What I Hope This Article Accomplishes
In the spirit of my own work, “rainbows and concrete,” aspiration and execution, here’s what I want to do in the next few minutes:
- Translate the $18T headline into a business reality you can act on.
- Introduce Adaptation Ventures, and why their model matters for founders and investors alike.
- Explain why I’m showing up for this conversation in Seattle, and why I hope you will too.
The $18T Reality: This Market Is Already Here
The first mistake we make is thinking disability is a small population.
It isn’t.
Adaptation Ventures anchors its thesis in numbers most investors rarely put on a slide:
- 1.85B+ people with disabilities globally
- $18T in disposable income connected to people with disabilities and supporters
- 9x ROI per $1 spent on assistive technology
- <2% of VC capital going to disability/accessible tech (a striking mismatch between need and investment)
Now add the most human line on the World Trade Center Seattle event page:
“Nearly everyone will experience some form of disability in their lifetime.”
So if we’re still treating disability as “other,” we’re not just excluding people, we’re misunderstanding reality. Disability is not a distant category. It is the human condition, unfolding over time.
Why Investors Have Missed It
TechCrunch captured what Brittany Palmer told them during the early days of raising capital: many venture firms simply didn’t understand the disability community, how big it is, and what it means to sell into it.
That lack of understanding becomes self-fulfilling:
- Founders struggle to raise early capital.
- Products stall at prototype.
- Markets remain underserved.
- Investors point to “lack of traction” as proof the market is small.
But the market isn’t small.
The capital is.
And The Macro Trend Is Not Slowing Down
The PR Newswire announcement for Adaptation Ventures notes that the global assistive technology market is projected to reach $31.22B by 2030, driven by AI, digital infrastructure, and rising demand for accessible products and services.

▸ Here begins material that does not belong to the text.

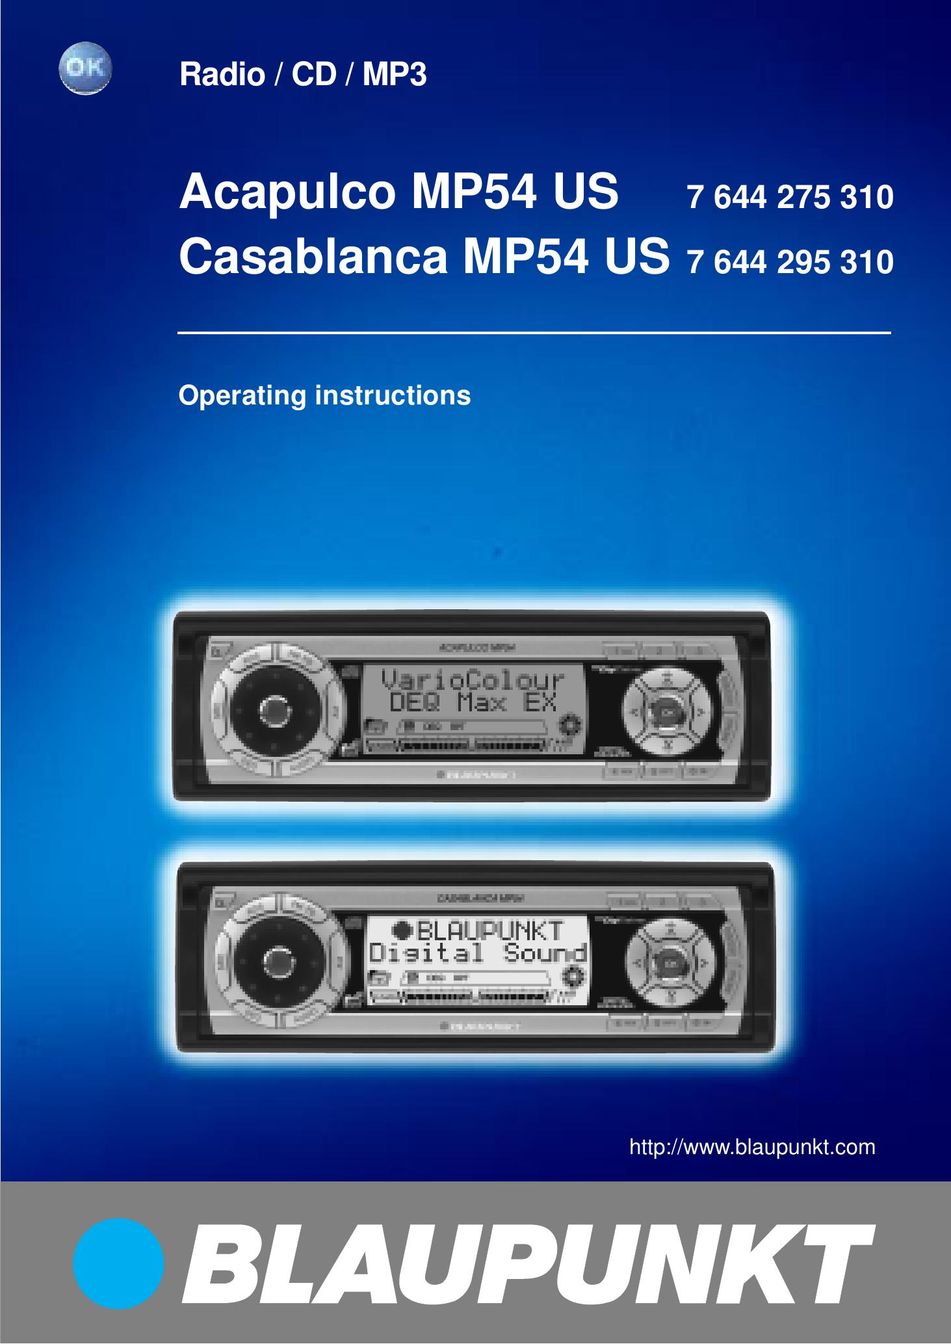 Blaupunkt Acapulco MP54 US, Casablanca MP54 US Car Stereo System User Manual
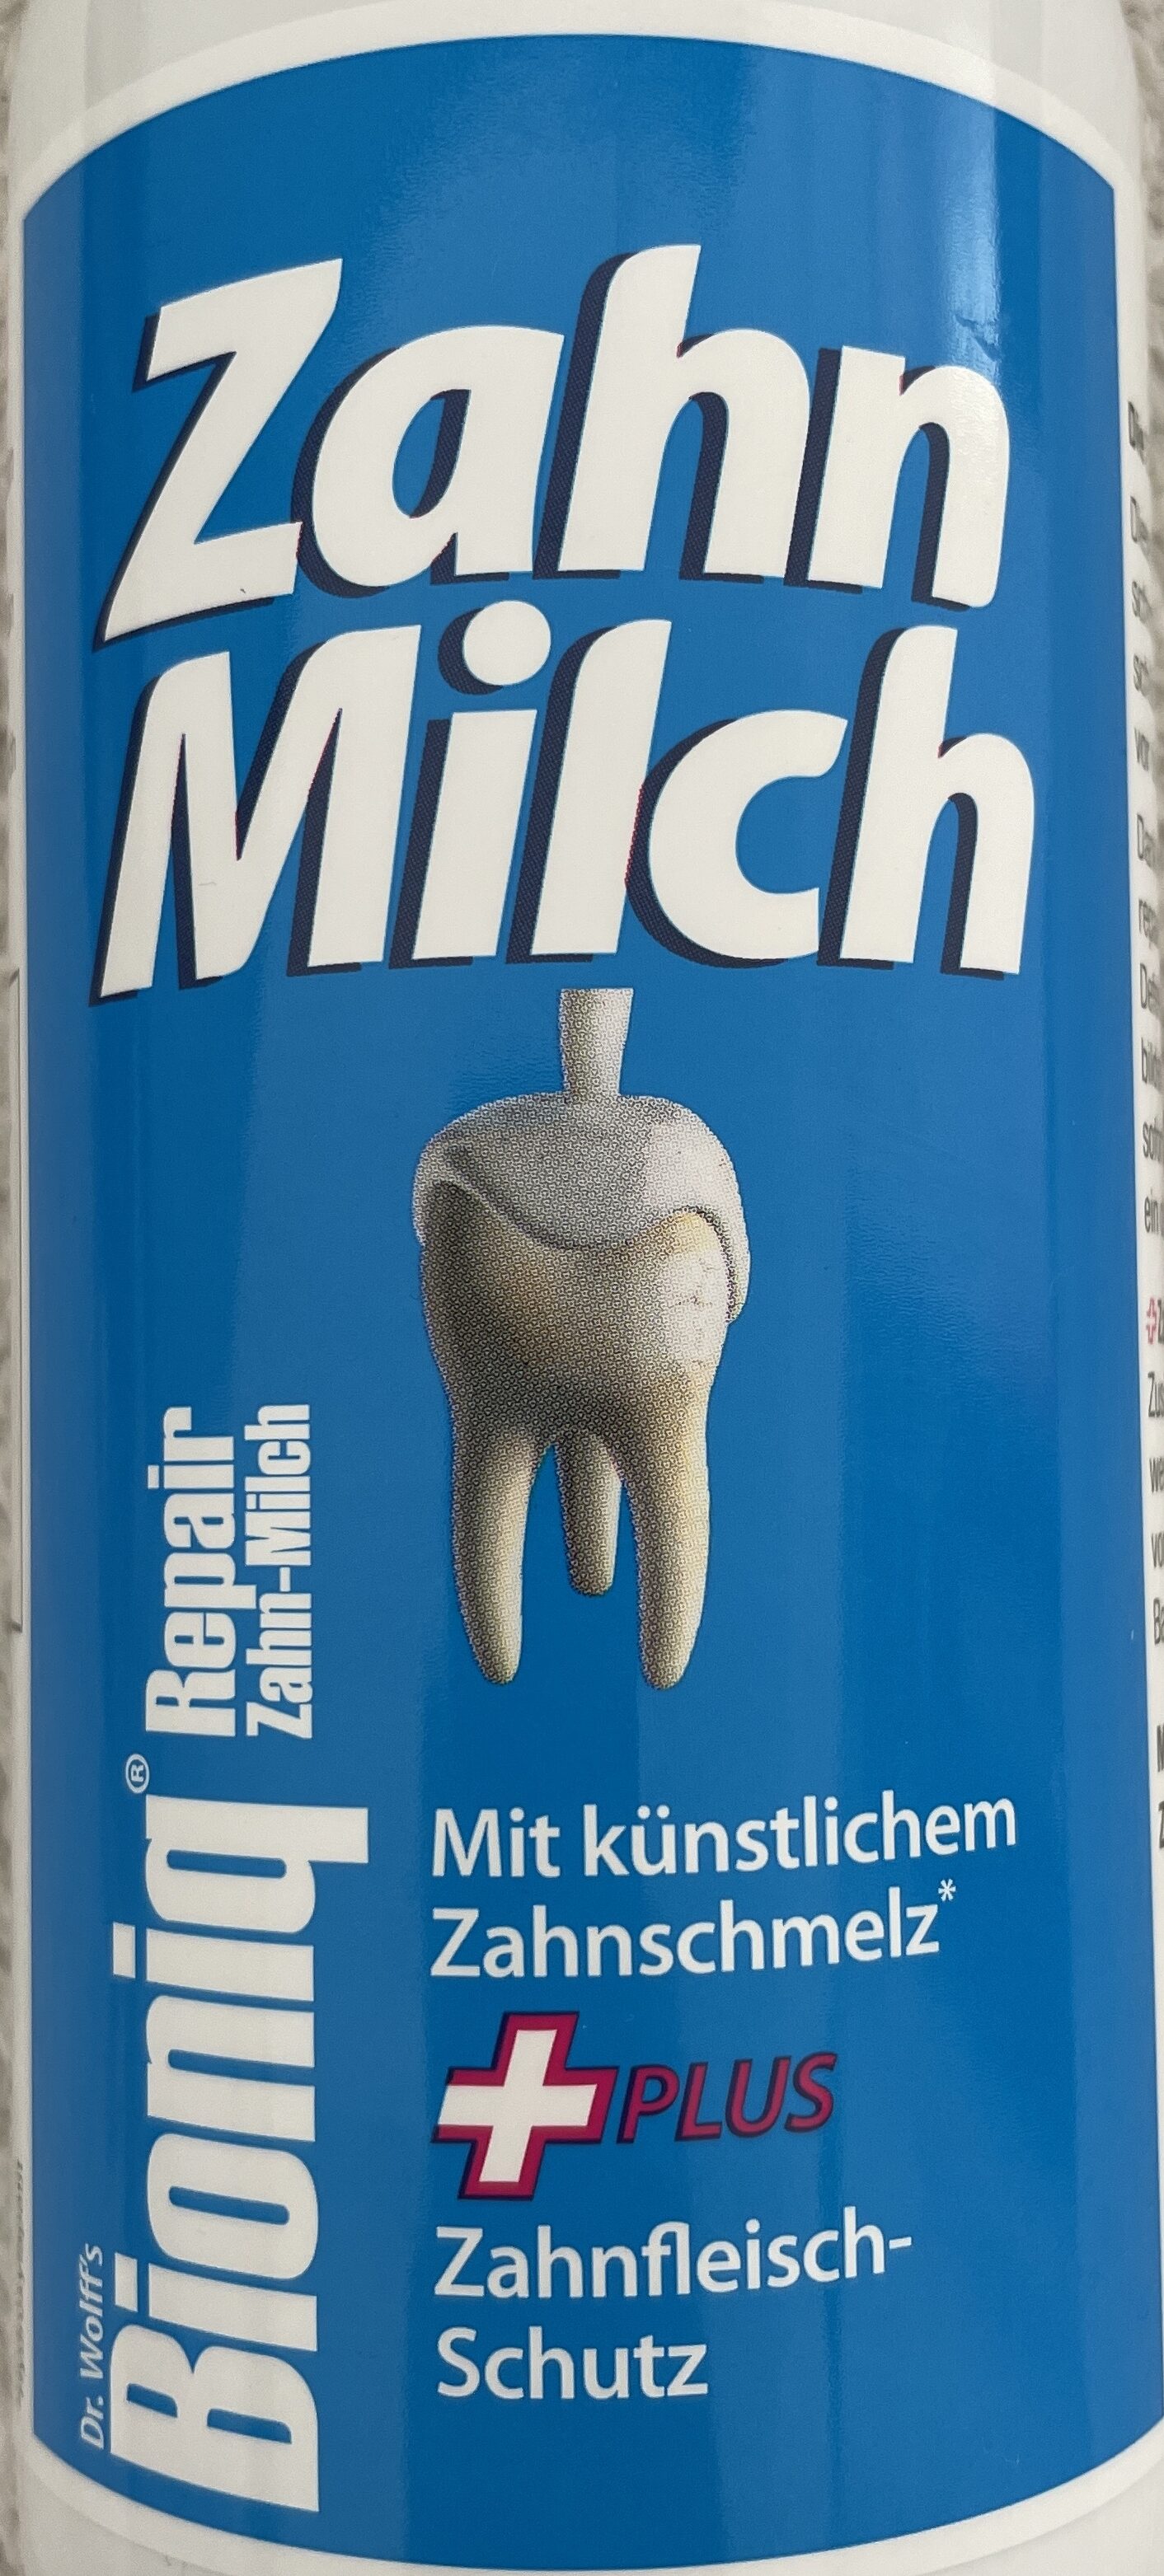 Repair Zahn-Milch - Product - de

This is not a “maybe someday” story. This is a “right now” story.
Why Adaptation Ventures Matters: First Money In Changes Everything
I’ve spent much of my adult life at the intersection of inclusion and systems change. And if there’s one lesson I want every investor, founder, and executive to hear, it’s this:
Early capital shapes what becomes possible.
Adaptation Ventures launched as the nation’s first angel group exclusively focused on early-stage disability and accessible tech startups. That is not a branding flourish. That is a structural correction in an ecosystem that has ignored this category for decades.
On its own site, Adaptation describes itself as a “pioneering pre-seed fund” dedicated to disability, neurodivergence, and accessibility, backing venture-scalable solutions for nearly 2 billion people.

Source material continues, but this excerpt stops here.